# First Hunt???



## ChukarDog (Dec 7, 2010)

I am new to this forum. 
I have a young V, 14 weeks. She shows signs of being very birdy and retrieves well. I have a large area around the house with a ton of wild quail. Can't shoot, congested area, but they are always around. I have been running her a few times a week and she seems to "hunt". Shgets birdy and then runs wild, flash points sometimes. I know the pointing will come. 

I have had a few GSP in the past and this is the first V I have owned. I have taken my prior GSPs on chukar hunts by this age. Wondering if it too soon for a V to do it? I have heard how they are softer dogs and need to be more cautious. I really don't want to set her back...


----------



## 19Delta (Jan 20, 2010)

I have a 7 mo. old V, my first, but my uncle hunted over them for years. From my experience watching his dogs, there was nothing "soft" about their hunting. Once they hit the field, they were machines, not worrying about weather, conditions, briars, cuts, etc. 
From a training standpoint, a Vizsla's temperment is much 'softer' than other field dogs, ie. they have to be in with the family, don't do well to having lessons 'beat' into them etc.
If you do your job, your V will do his regardless of conditions.

Good luck,

Tim


----------



## gunnr (Aug 14, 2009)

14 weeks is pretty young to be taking a dog out to hunt. You can introduce them to the various components, but expecting them to be able to point, steady to wing,shoot, and retrieve at 14 weeks is unreasonable.

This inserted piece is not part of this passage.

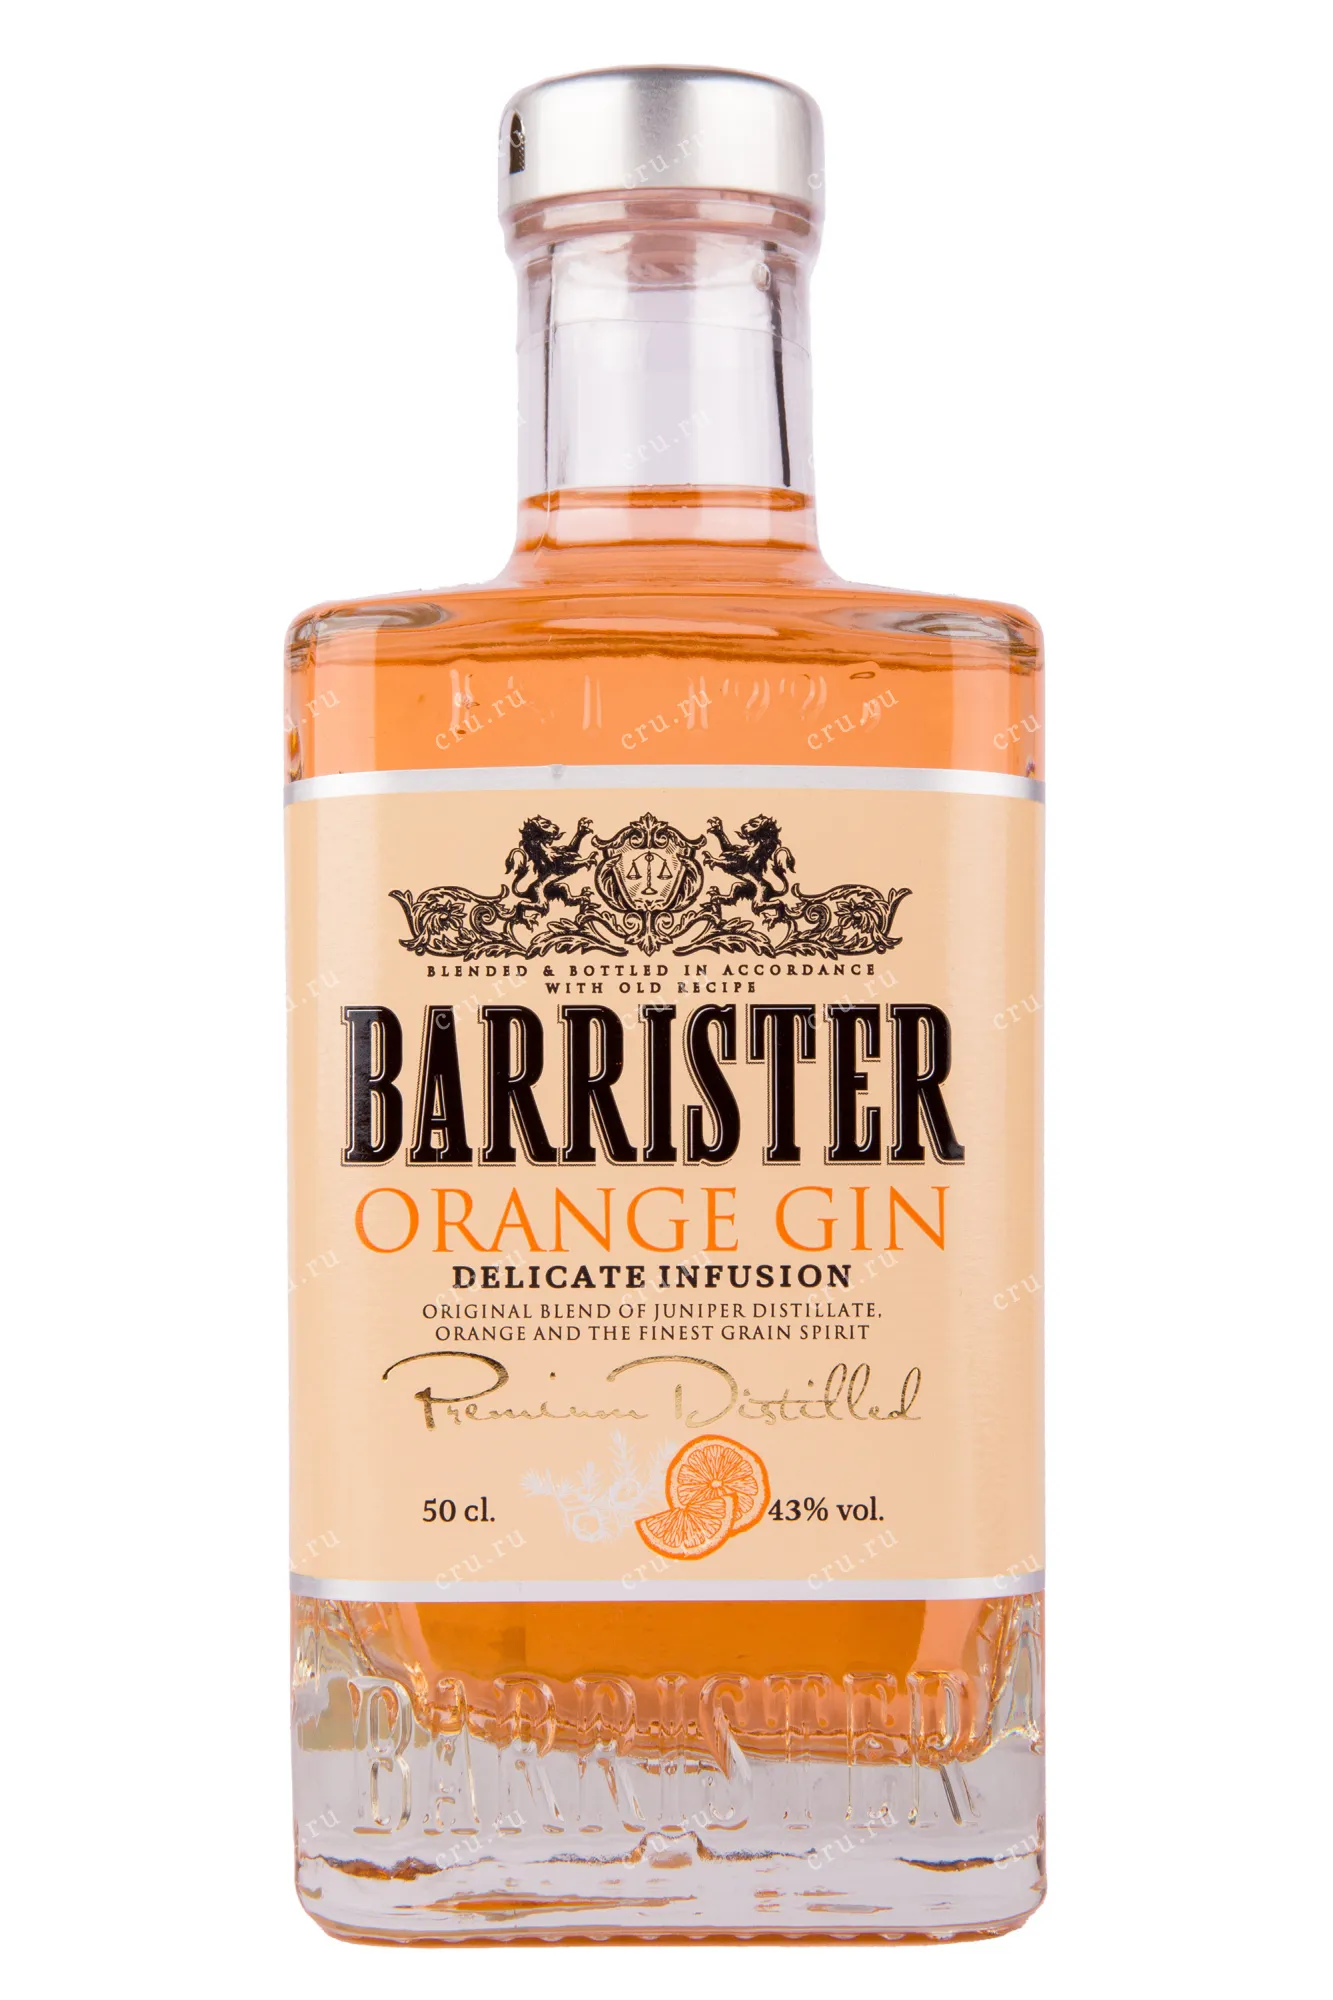 Барристер цена 0.7. Джин "Барристер оранж" 0,5 л. Джин Барристер оранж 0,5л 43%. Джин Барристер оранж 0.7. Джин Barrister Orange Gin 43% 0.7 л.

There's nothing "soft" about a V while hunting. Properly trained and introduced, they can do just about everything that you expect of any pointer. They just don't naturally range as far as the bigger running dogs.


----------



## ChukarDog (Dec 7, 2010)

I wouldn't expect her to be steady, or even point. Just want to expose her to wild chukar and such...
Just curious if anyone had expierence running a Vizsla this young and what they expierenced....
Thanks for the responses.


----------